Airway penetration and/or aspiration are often identified in PWPD, even with no or minimal complaints of swallowing difficulty [8, 9]. The pathophysiological cause of decreased swallow safety in this population is thought to be multifactorial including poor bolus control, decreased esophageal function, and somatosensory deficits [10, 11]. While laryngeal kinematics during swallowing, such as laryngeal vestibule closure reaction and duration times, are likely associated with dysphagia (specifically airway invasion) in PWPD, they have not been investigated until recently. Current evidence has shown that the timing of airway closure was the strongest predictor of airway invasion in non-advanced PD [12]. However, further knowledge of laryngeal function during swallowing in PWPD is needed to more fully inform our understanding of laryngeal impairment as the disease progresses and to inform treatment planning for rehabilitation of swallowing function.

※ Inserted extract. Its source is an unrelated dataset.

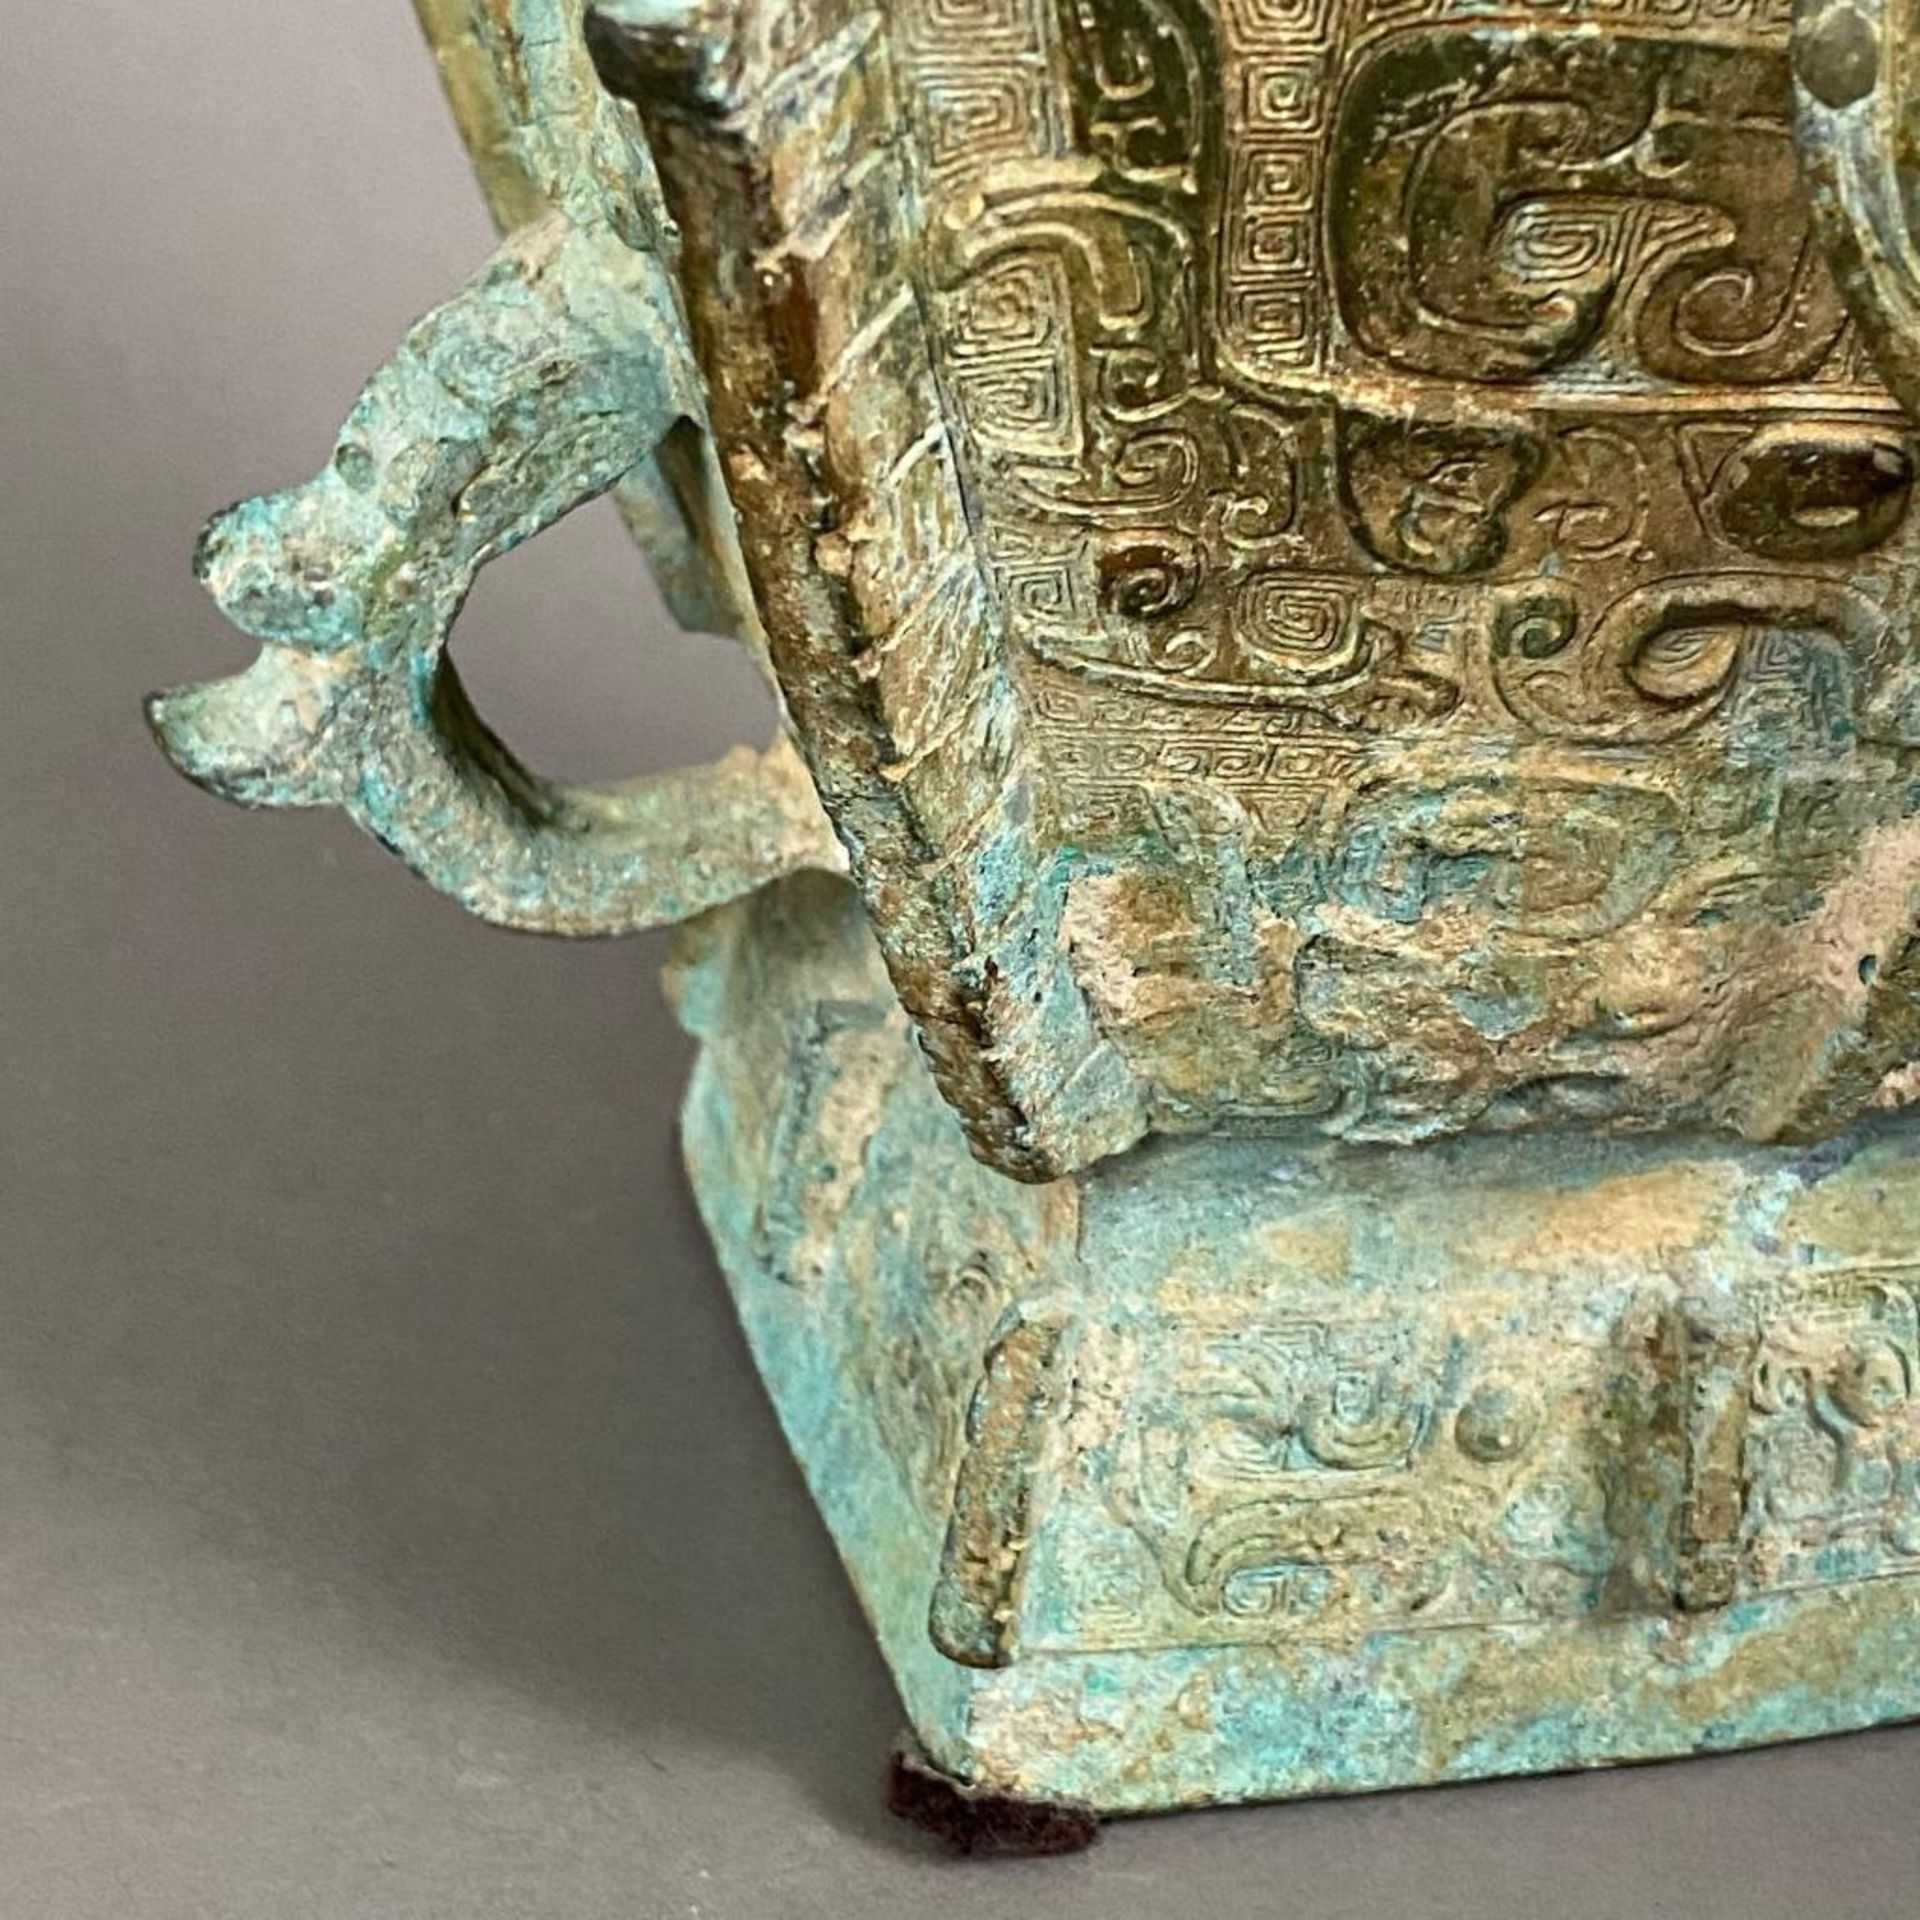 Fanghu-Vase im archaischen Stil - China, grün-braun patinierte Bronze, vierkantige gebauchte Form a - Image 9 of 10

There is evidence that the perception of swallowing impairment in PWPD is also impaired throughout the stages of disease progression. For example, while oropharyngeal dysphagia in non-advanced PD (e.g., Hoehn & Yahr stages I –III) may be present, many PWPD are unaware of their swallowing difficulties or their dysphagia symptoms may be self-perceived as “benign” [13]. This leaves the possibility of aspiration and subsequent sequelae as potential risks to health, even in non-advanced stages of the disease [14]. Dysphagia in non-advanced stages may also be present at rates higher than previously expected. A meta-analysis reported increases in dysphagia diagnosis post instrumental assessment despite there being no overt or subjectively reported dysphagia symptoms at pre-assessment [15]. Extant literature also supports the use of standardized measures for detection of swallowing impairment in PWPD in both advanced and non-advanced stages [16]. The potential lack of self-awareness in the perception of swallowing disturbances combined with increased evidence of penetration and/or aspiration in non-advanced stages supports the need to objectively determine if there are measures or means to better identify swallowing impairments in PWPD across the continuum of progression.

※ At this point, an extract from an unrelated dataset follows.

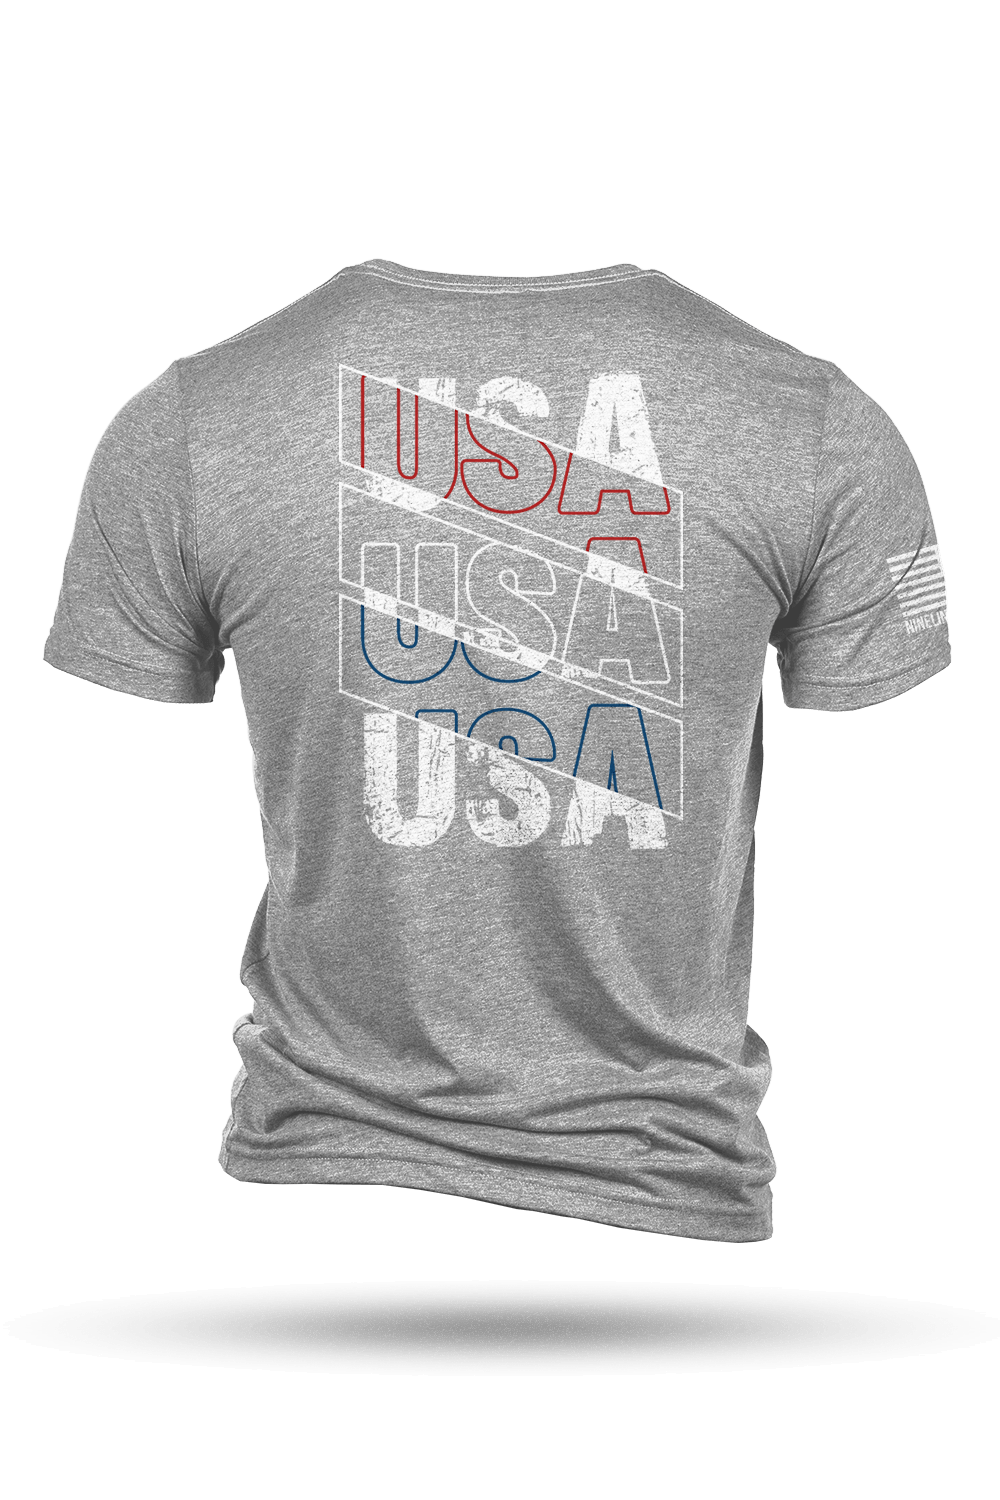 T - Shirt - USA USA USA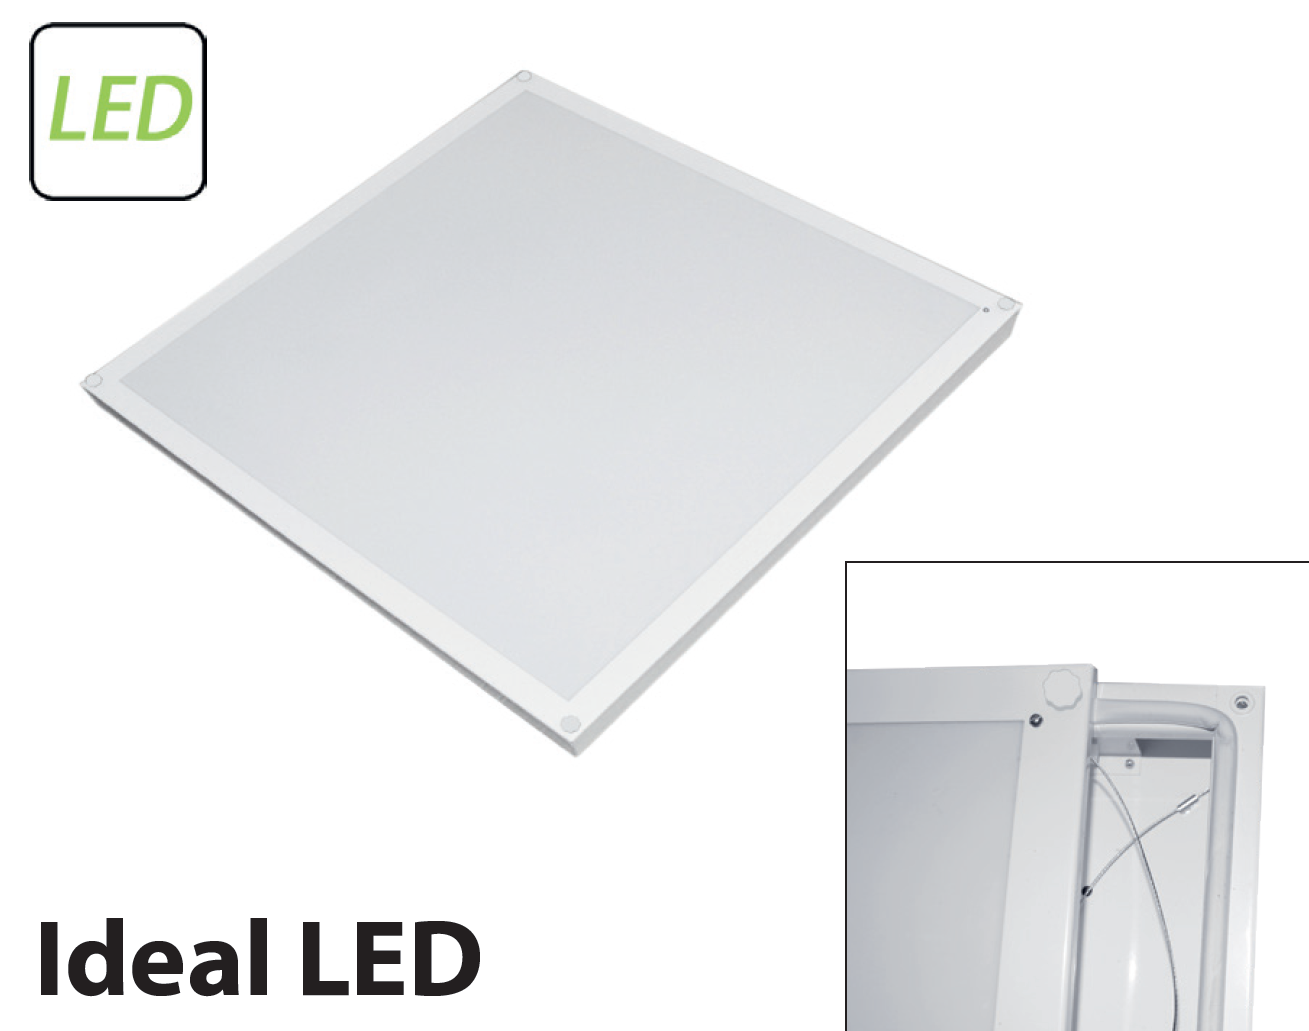        Ideal LED-01 () 0261818193-55

The purpose of the current pilot study was twofold. The first was to investigate the predictive ability of swallow screening tools for identifying dysphagia in PWPD in non-advanced stages. Our second purpose was to identify how specific laryngeal kinematics predict penetration and/or aspiration occurrence. We hypothesized that scores from a validated swallow questionnaire (Swallow Disturbance Questionnaire, SDQ) [16] and a conventional screening method (3 oz water swallow screening test, WSST) would be able to predict the occurrence of penetration and/or aspiration identified by instrumental assessment. We also hypothesized that participants in our sample would exhibit frequent occurrences of abnormal airway invasion as measured by the Penetration Aspiration Scale (PAS). We lastly hypothesized that laryngeal kinematics, specifically laryngeal vestibule closure reaction time (LVrt) and duration time (LVCd), would predict the occurrence of larger (abnormal) PAS scores.

MATERIALS AND METHODS

This study was approved by a university institutional review board (IRB). 14 individuals diagnosed with PD were recruited to participate. Inclusion criteria consisted of: 1) diagnosis of idiopathic PD by a neurologist, 2) current disease severity in stage I–III based on the original H & Y scale [17] which has been previously staged by the participants’ neurologist, 3) no previous diagnosis of dysphagia or treatment for dysphagia by a healthcare professional, 4) no comorbid neurological impairments not associated with PD, and 5) no history of pneumonia or other pulmonary/respiratory illness within the last two years. Participants were considered to have no prior history of dysphagia if there was no previous documentation of dysphagia evaluation or treatment contained in the patient records obtained in accordance with IRB protocols, which have been previously obtained as part of an ongoing program of research in our lab, as well as verbal confirmation by the subjects. Inclusion criteria also necessitated self-reports of dysphagia-symptoms on a swallowing symptom questionnaire and was completed by the participants during a previous visit to the research laboratory. This questionnaire consisted of several general symptoms potentially related to swallow dysfunction. The questionnaire asked participants how frequently they experienced the dysfunction presented, including items such as “Drooling” and “I cough when I eat solid foods”. If the participants identified experiencing at least one dysfunction, they were considered eligible for inclusion into the present study assuming all other inclusion criteria were met. Participants were required to complete all consenting procedures prior to enrolling in the study. All research activities took place on a university campus and a mobile radiography unit.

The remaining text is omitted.